In our study, dissatisfaction was related to the guardian mismanaging the assignment with regard to one or more of their tasks: protecting rights, taking care of the client, and managing finances. Although there are no legal coercive measures to use, several of them considered it legitimate to use financial management to influence the client’s behavior; for example, when they thought a client acted imprudently, they could limit the client’s cash flow. Likewise, the informants’ experiences indicate that many limited guardians do not seem to understand the consequences of living with ID, because they often seem to underestimate clients’ intellectual capacities. When limited guardians had a poor understanding of ID and a lack of pedagogical skills, this reinforced the asymmetry in the relationship and did not help clients make informed decision or support them to become more self-reliant. This became clear in the lack of a well-functioning communication, often taking the form of using difficult words or communicating only with staff. The informants found that teaching them about their legal rights combined with limited guardians being knowledgeable about their wishes and preferences increased the likelihood of being supported in decisions. Hence, limited guardians need to acknowledge each client’s needs and wishes and trust the client’s ability to make informed decisions through supported decision-making, instead of assuming that they lack this capacity (Teaster 2002). Similarly, Watson (2016) found that supporters who had a positive view of the abilities of persons with IDs were more likely to be responsive to the expressed will and preferences of a person with ID. Nevertheless, being knowledgeable about rights was not always enough to ensure that these rights were upheld. This highlights the complexity of the assignment because it indicates a crucial but unresolved tension between adhering to the person’s long-term goals (their ‘will’) and their more changeable ‘preferences’ (Szmukler 2019; Carney et al. 2019; Carney et al. 2021).

Study Limitations

The target group in this study was adults with ID who had experiences of limited guardianship. Recruiting younger people was difficult, and according to information received from elected representatives at FUB, younger people prefer to get informal support from parents or other trusted people, meaning that limited guardianship is seldom used until they have no other choice. Therefore, the inclusion criteria were adjusted in regard to age. Initially, the age range had been 18–40 years, but because it proved difficult to find young participants, the age limitations were removed. Although people with ID make up a very heterogenous group, it was difficult to involve people with different ethnic backgrounds, which is an important factor in relation to expectations and experiences of having a limited guardian.

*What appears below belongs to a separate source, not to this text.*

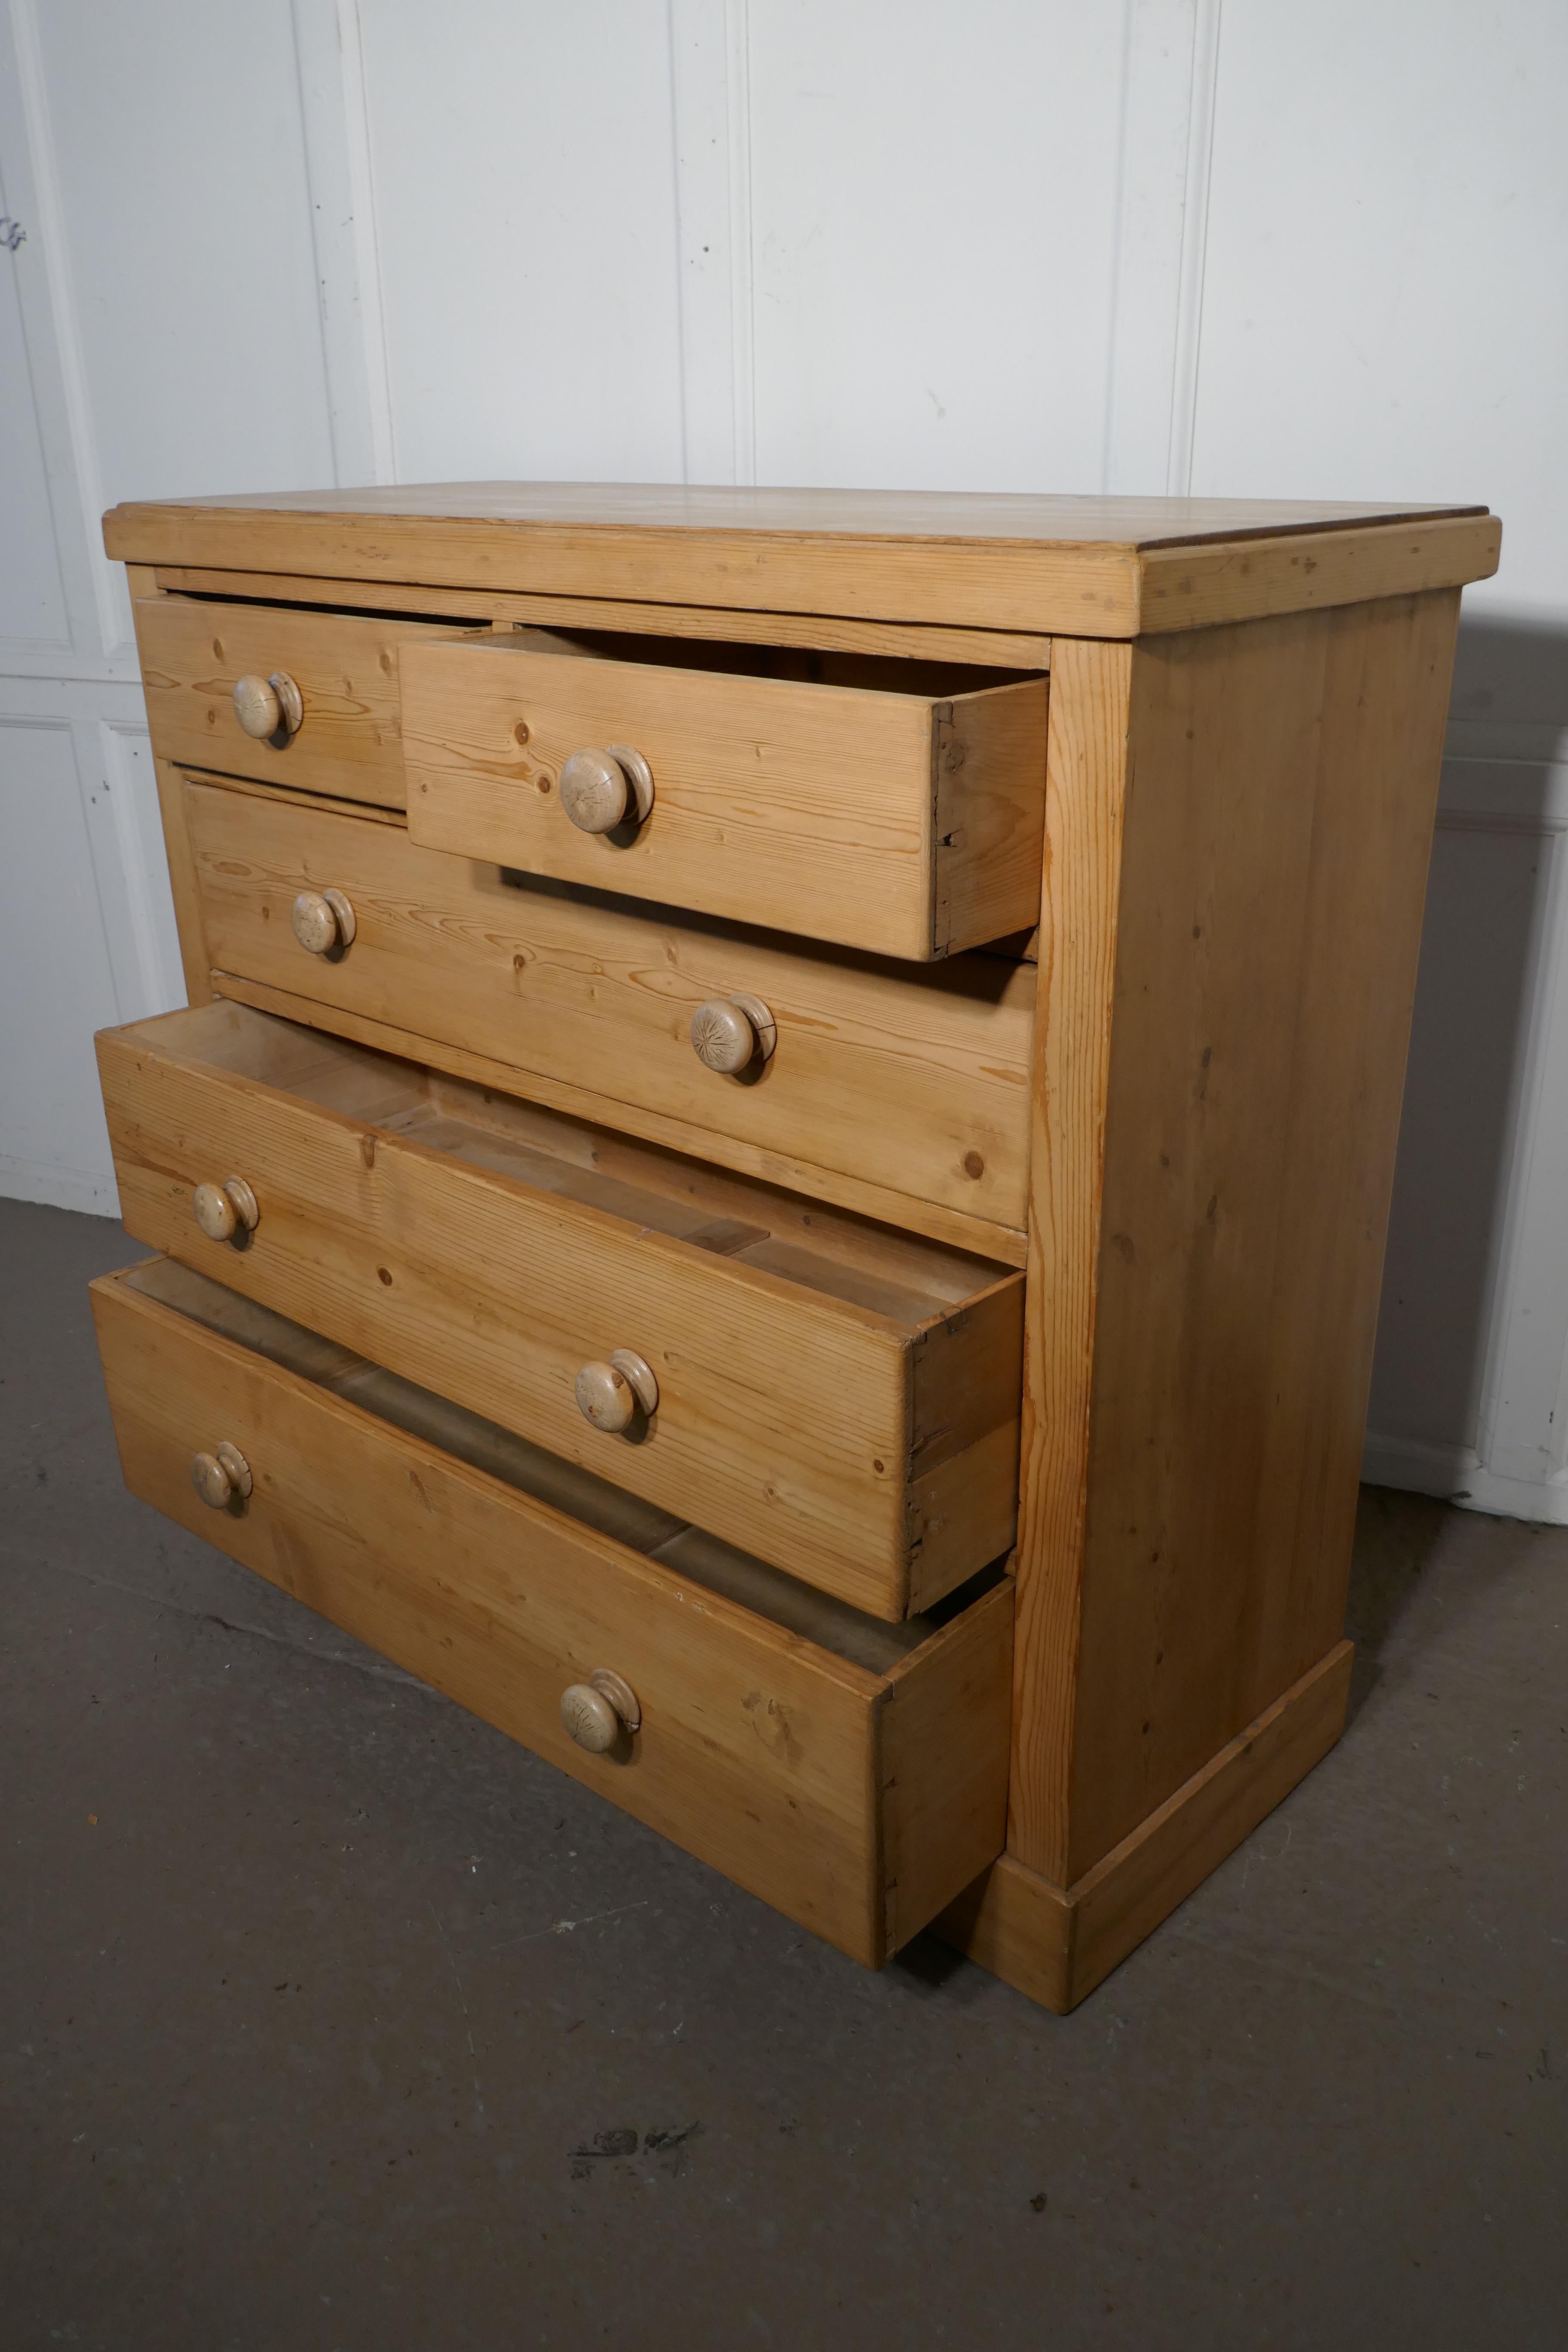 Large Victorian stripped pine chest of drawers

This lovely old pine chest of drawers has two short drawers at the top and three longer graduated drawers beneath and it has original turned wooden knob handles
The chest stands on a bracket footed

Our results are not representative of adults with severe ID and would gain from further exploring diversity from an intersectional perspective, in relation to the characteristics of the limited guardians and clients, as well as the clients’ individually formulated assignments.


Although formal acknowledgment of support for people with ID to participate in decision-making is important from a legal standpoint, it is essential to ensure that these intentions are realized in practice. Our findings show that the assignment of limited guardianship is more complex than it initially may seem due to overlaps between the three dimensions (protecting rights, taking care of the person, and managing financial matters).

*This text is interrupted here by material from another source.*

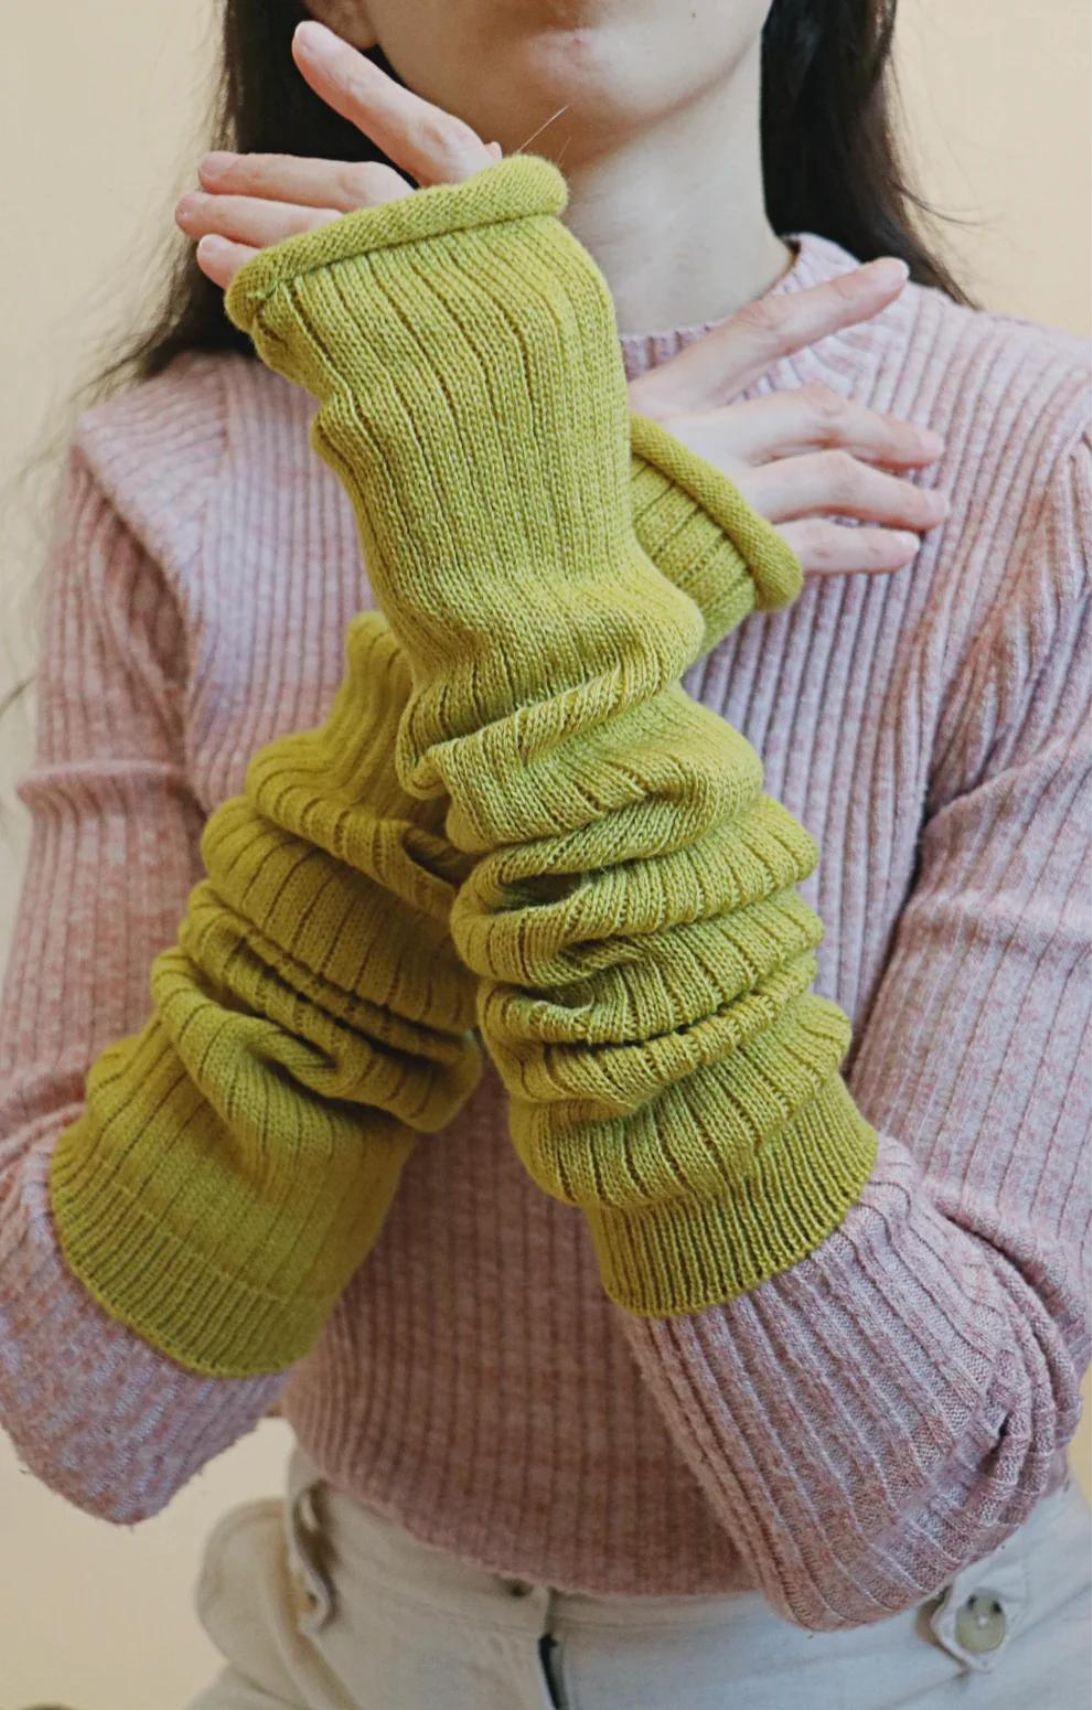 Arm of a woman wearing an ivory-colored sweater wearing the Bitter Yellow color of TABBISOCKS brand Wool Blend Leg and Arm Warmers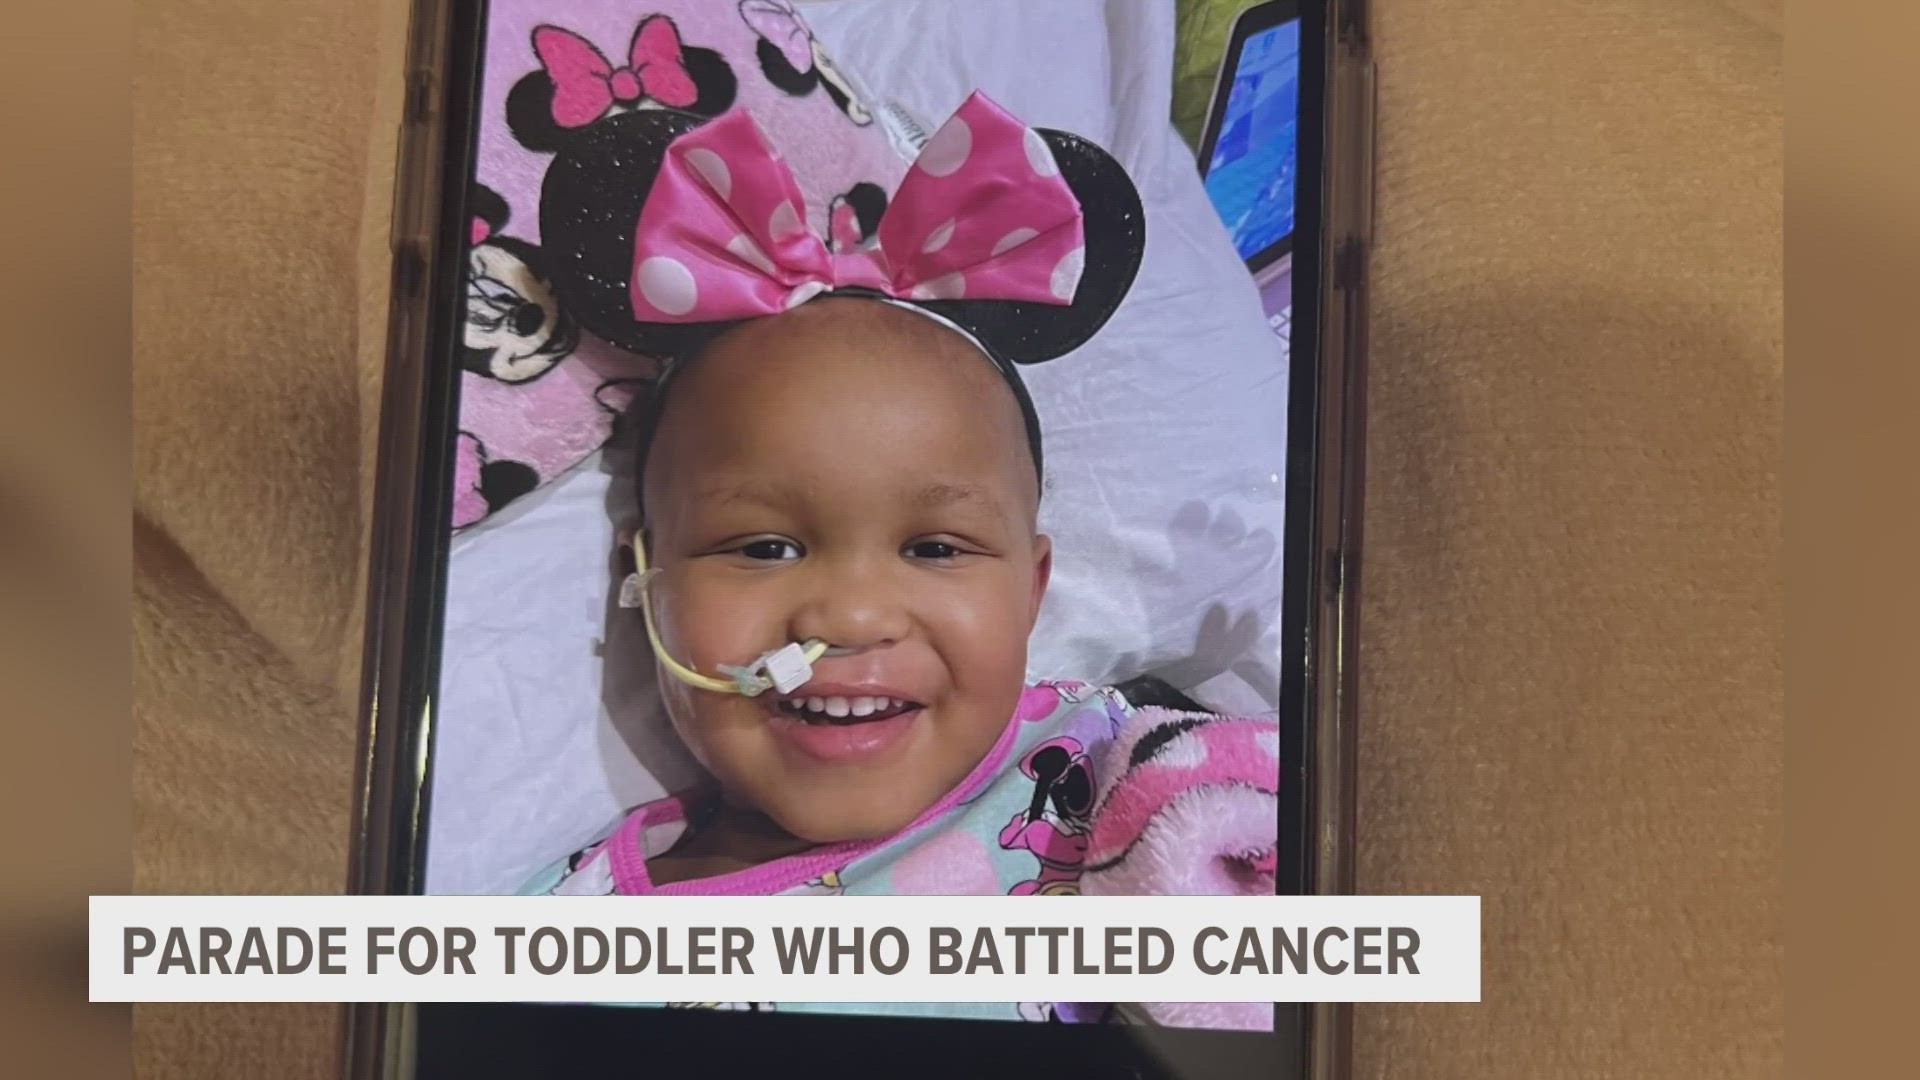 She is only two years old and is just home from the hospital after finishing her cancer treatment.

Accordingly, there is a need for a more comprehensive education where limited guardians gain knowledge about the target group that they represent. In relation to adults with ID, limited guardians need to develop pedagogical skills so that limited guardians can explain the consequences of various decisions and justify the underlying reasoning for financial calculations or other proposals that are important, given a client’s living situation. To both promote self-determination for clients and develop the limited guardians’ skills, it may be beneficial to use evidence-based framework for support to decision-making.

Funding Information

Funding is received from DHR.

Competing Interests

The authors have no competing interests to declare.